Finanzielle Anreize für Dachbegrünung in Bochum
März 11
12:37 2020

Wer sich die Mühe macht, sein Dach zu begrünen, der soll dafür entlastet werden. Für die begrünte Dachfläche soll es dann einen 50%-Abschlag auf die Niederschlagswassergebühren geben. Mit diesem indirekten finanziellen Anreiz fördern wir eigenverantwortliches Handeln gegen lokale Hitzeinseln und gegen Überlastung der Kanalisation. Die Fraktion „FDP & DIE STADTGESTALTER“ hat für die Ratssitzung am 12.03.2020 einen entsprechenden Antrag eingereicht.

Wenn man sich Bochum auf Satellitenfotos anschaut, dann erkennt man, dass ein großer Teil der Stadtfläche aus Dachflächen besteht. Das ist ein großes Potential für Dachbegrünung. Diese anzulegen ist aber auch teuer. Anders als die Koalition wollen FDP und DIE STADTGESTALTER eine Dachbegrünung nicht nur über die Bauleitplanung verbindlich machen, sondern es den Eigentümern auch finanziell erleichtern, sich ökologisch sinnvoll zu verhalten. Wer fordert, muss auch fördern.

Den Hebel setzt die Fraktion bei den Abwassergebühren an.
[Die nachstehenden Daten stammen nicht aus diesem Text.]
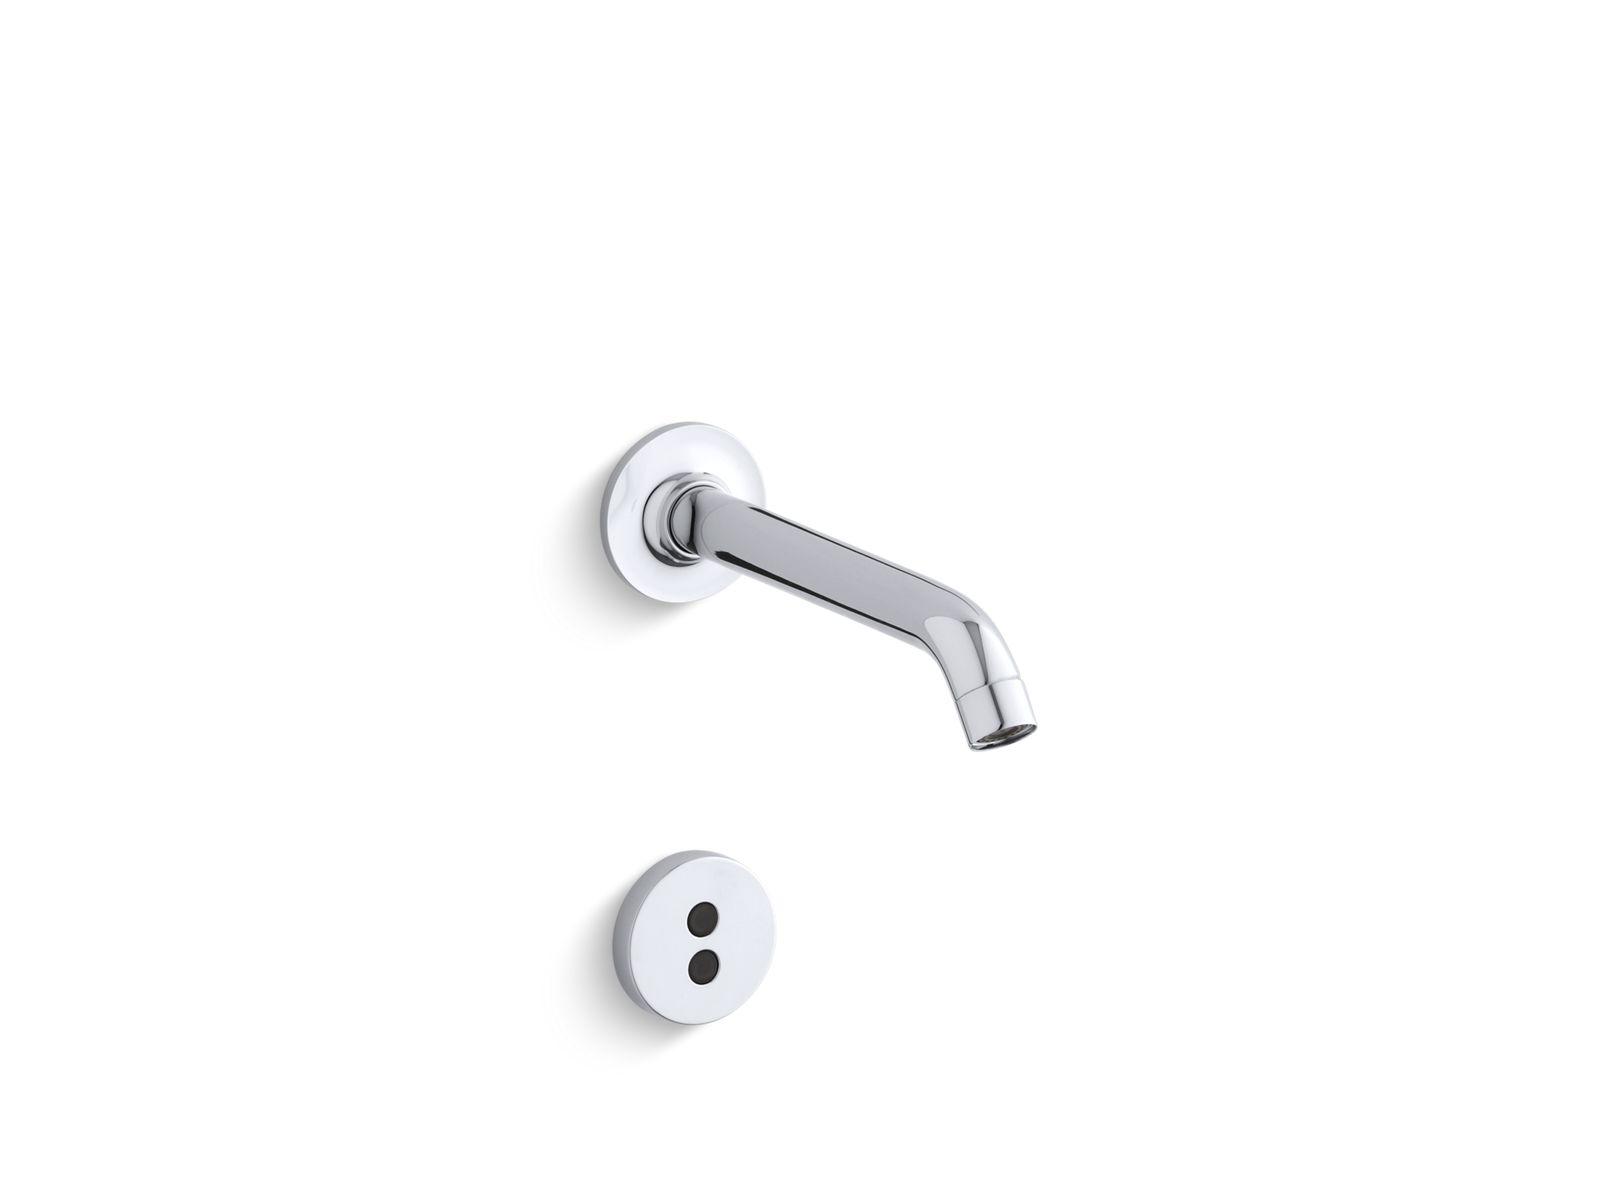 K T11840 Purist Wall Mount Touchless Faucet Trim With 35 Degree Spout Kohler
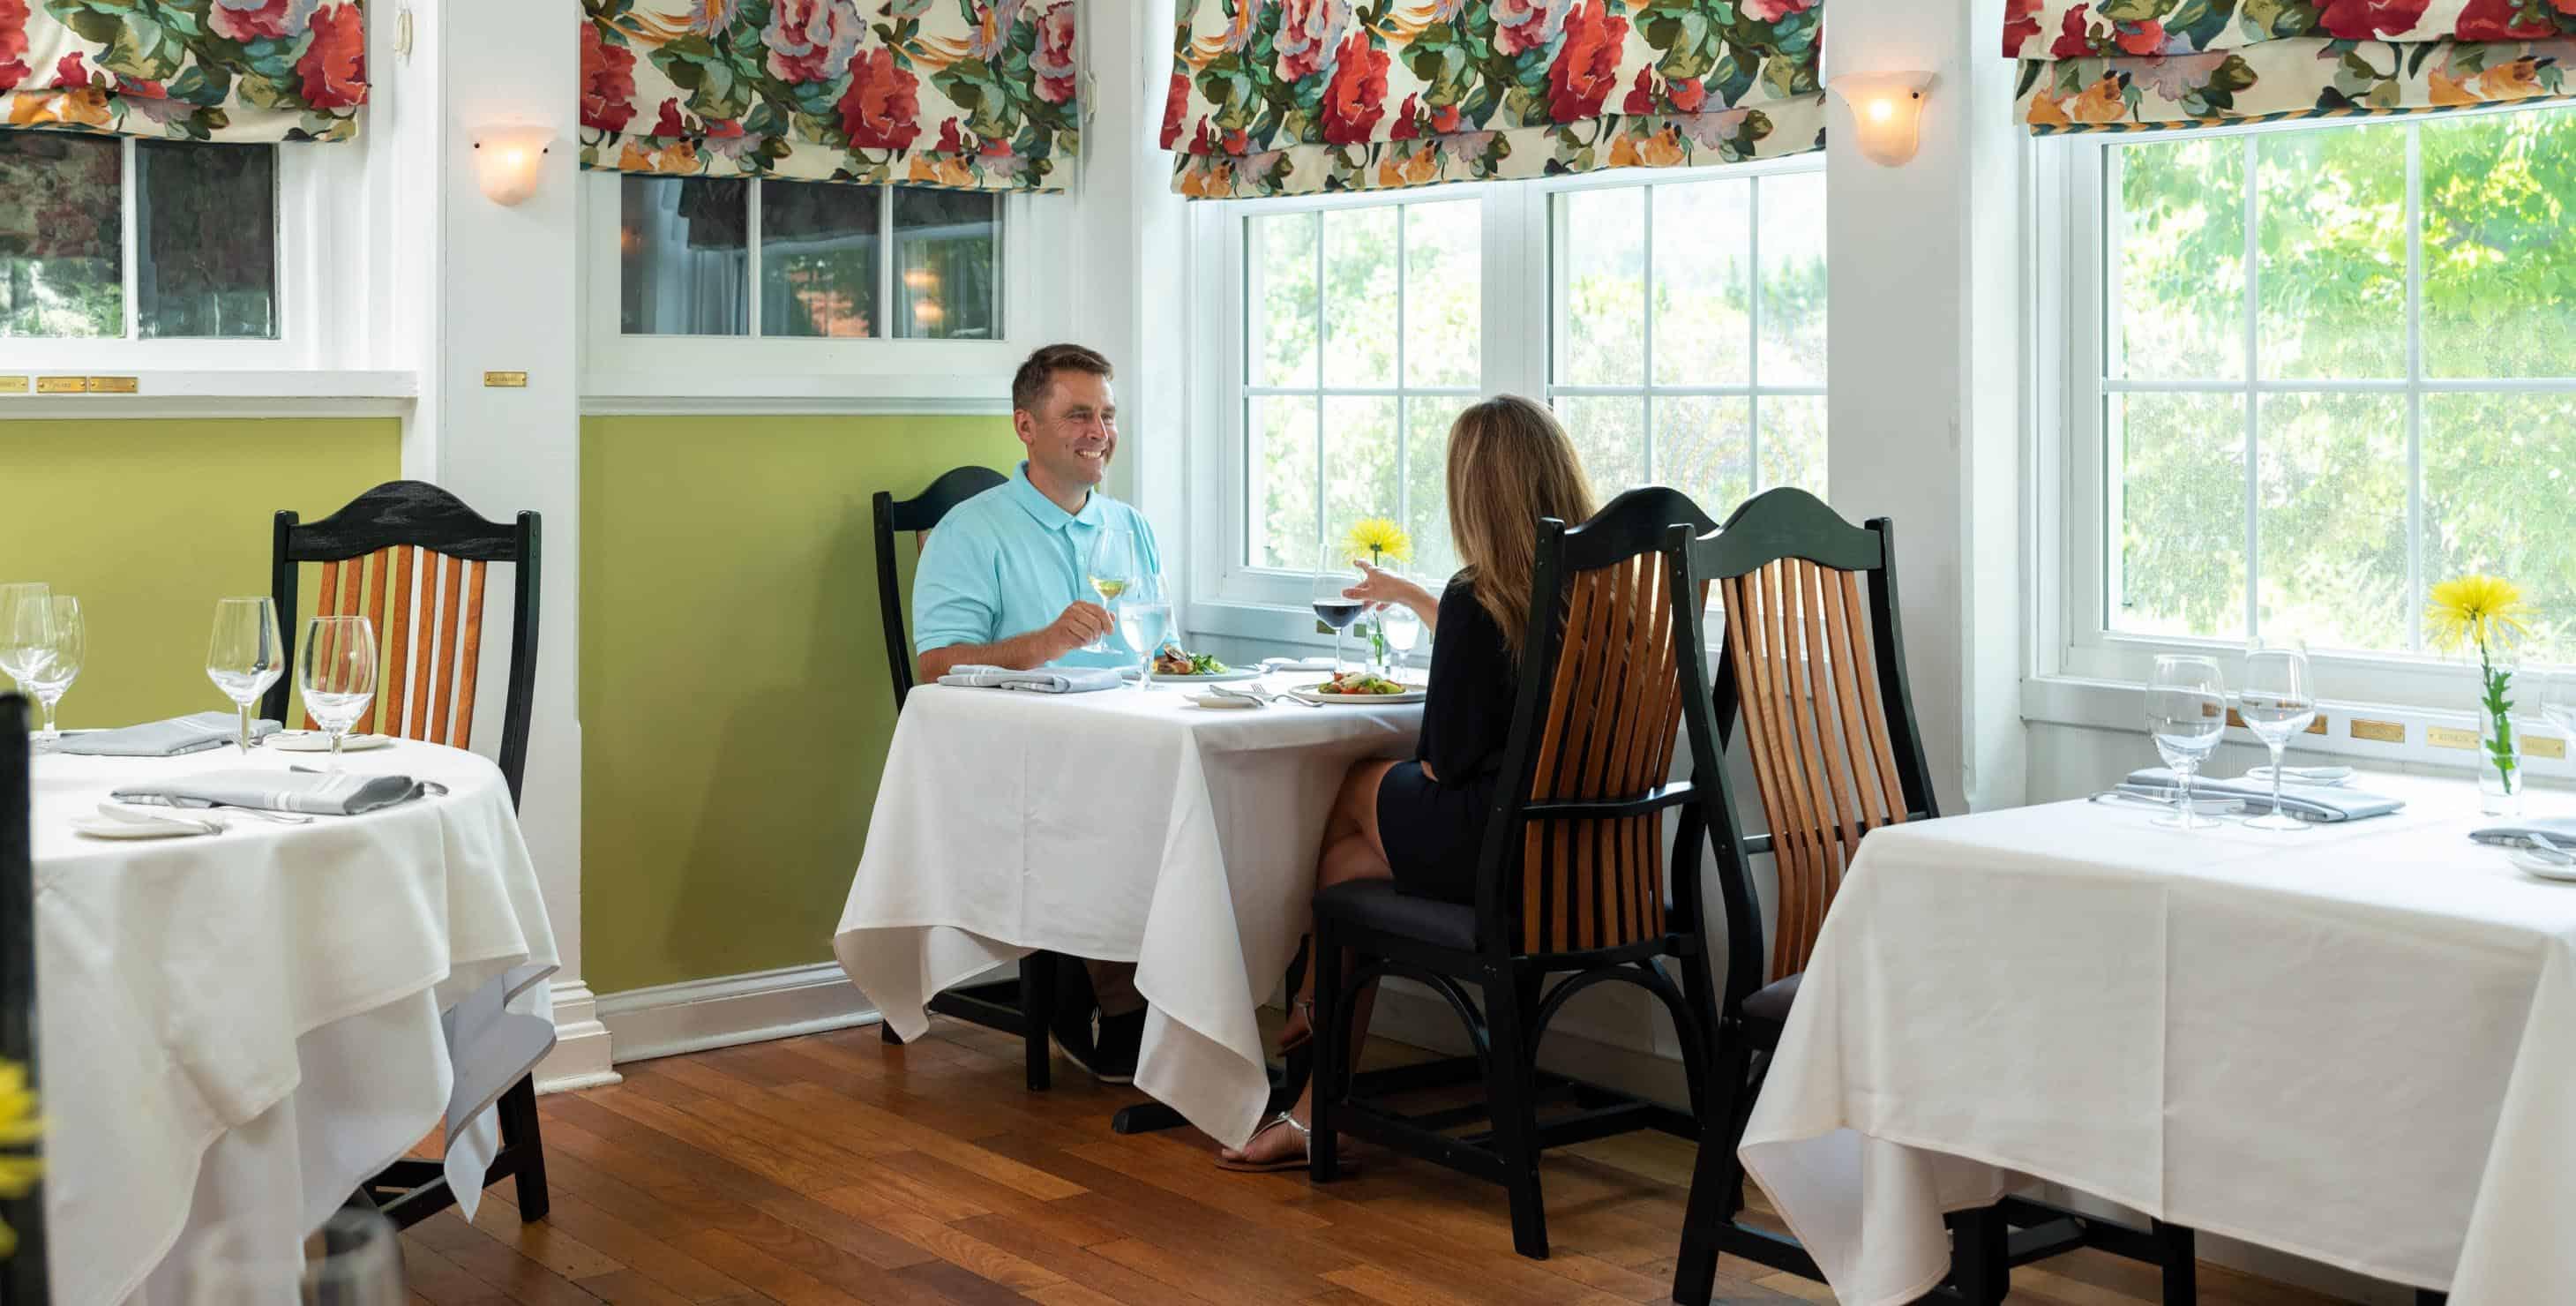 Romantic Restaurant In Northern Virginia Gourmet Fine Dining

Auf versiegelter Fläche kann Wasser nicht versickern. Wenn man sein Dach begrünt, dann gewinnt man dadurch Sammel- und Verdunstungspotential und weniger Wassermenge muss über die teure und wartungsintensive städtische Kanalisation abtransportiert werden. Darum soll Bochum die Fläche eines begrünten Daches mit 50%-Abschlag auf die Niederschlagsabwassergebühren honorieren.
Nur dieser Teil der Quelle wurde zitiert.